Larry Beckett
Amarillo
from U.S. Rivers
Seven Cities of Gold / Pantex Nuclear Plant
Coronado, if
I ever find
Cibola,
the seven cities of gold:
across the Llano Estacado,
only
pueblos, and that friar’s lie,
Quivira,
across the Palo Duro,
only the yellow
rose of Pantex:
seventy-two hours
a week, he watches
that there’s no breach
in the warheads,
pits, plutonium, over
the Ogallala aquifer,
Texas water,
under the prairies,
one thousand centuries.
Larry Beckett was born in Glendale, California, in 1947. His poetry has been published in Zyzzyva, Field, Margie, Salamander, the anthology Portland Lights from Nine Lights Press, and his first book, Songs and Sonnets from Rainy Day Women Press, was favourably reviewed in the San Francisco Chronicle.
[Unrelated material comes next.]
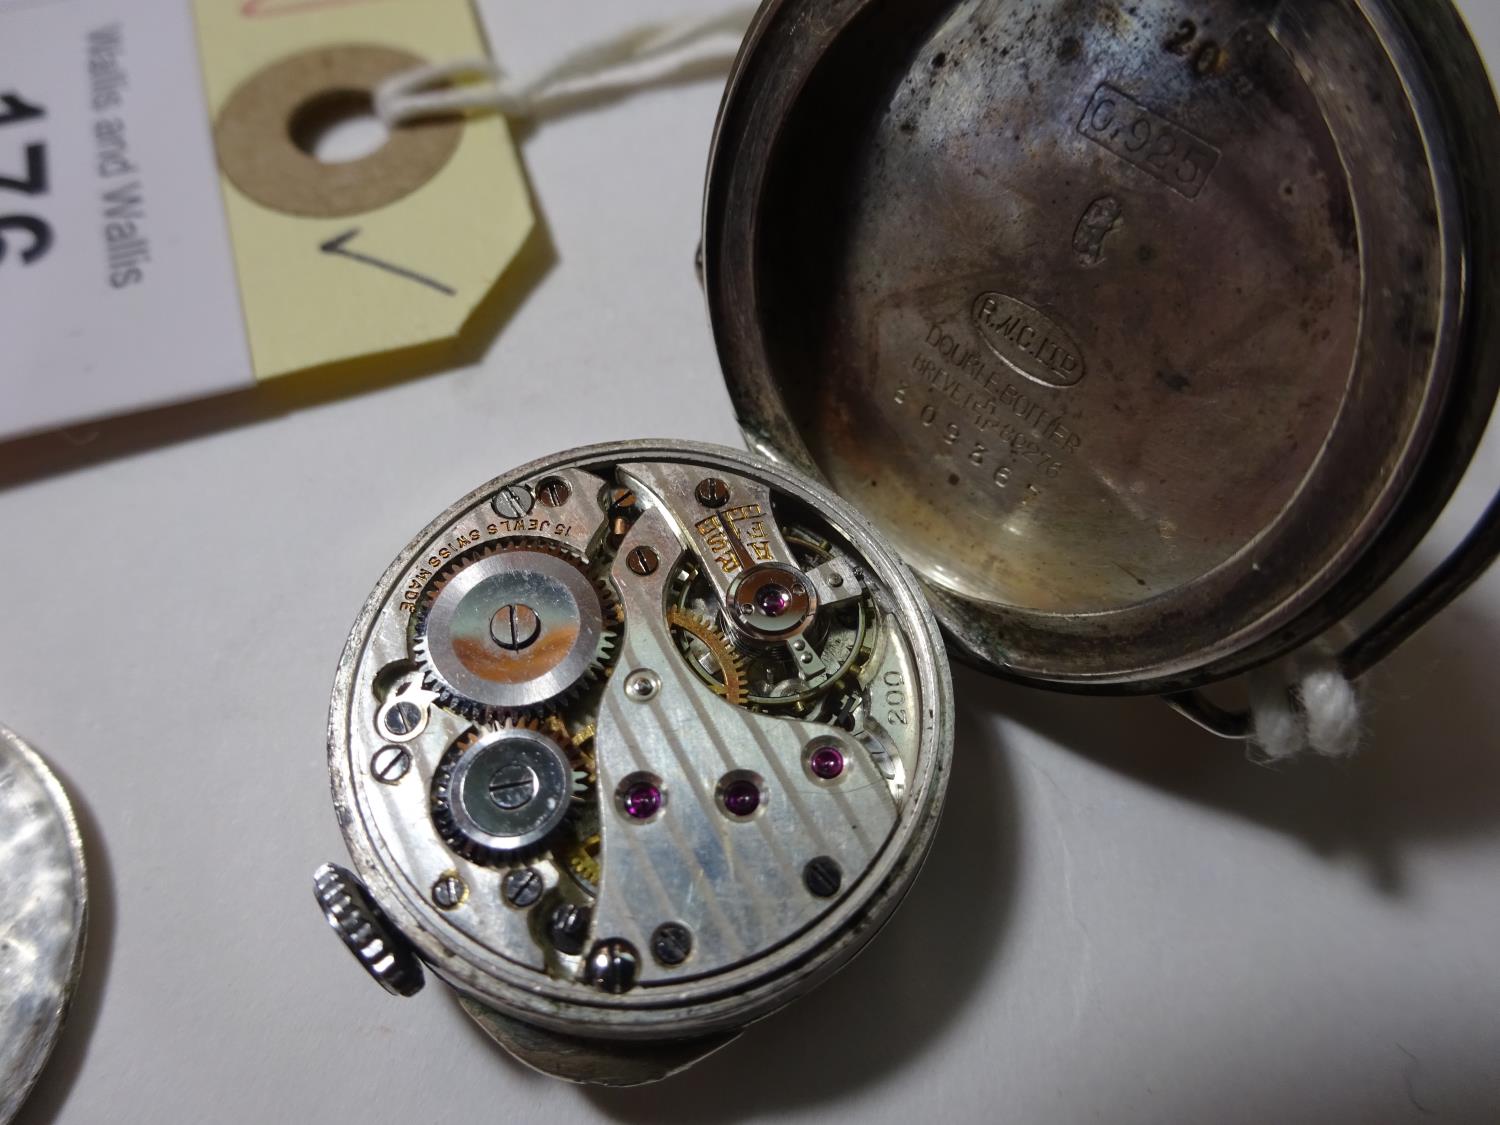 A Rolex Unicorn watch with manual wind movement and screw-off outer case. An early 20th Century - Image 4 of 5

Beat Poetry, a study of the San Francisco renaissance, was published by Beatdom Books. Paul Bunyan, a book-length poem, is out from Smokestack Books, and has received positive reviews in Zyzzyva and The Recusant. He performed the poem at the UK’s Ledbury Poetry Festival. Wyatt Earp, a novel in prose poetry, is forthcoming from Alternating Current Press. The complete U.S. Rivers was performed in a choral reading by a company of actors, and recorded. His work has been commended by Jack Hirschman, David Meltzer, Tom Clark, Ann Charters, David Young, and U.S. Poet Laureates W. S. Merwin and Charles Wright. Beckett lives in Portland, Oregon.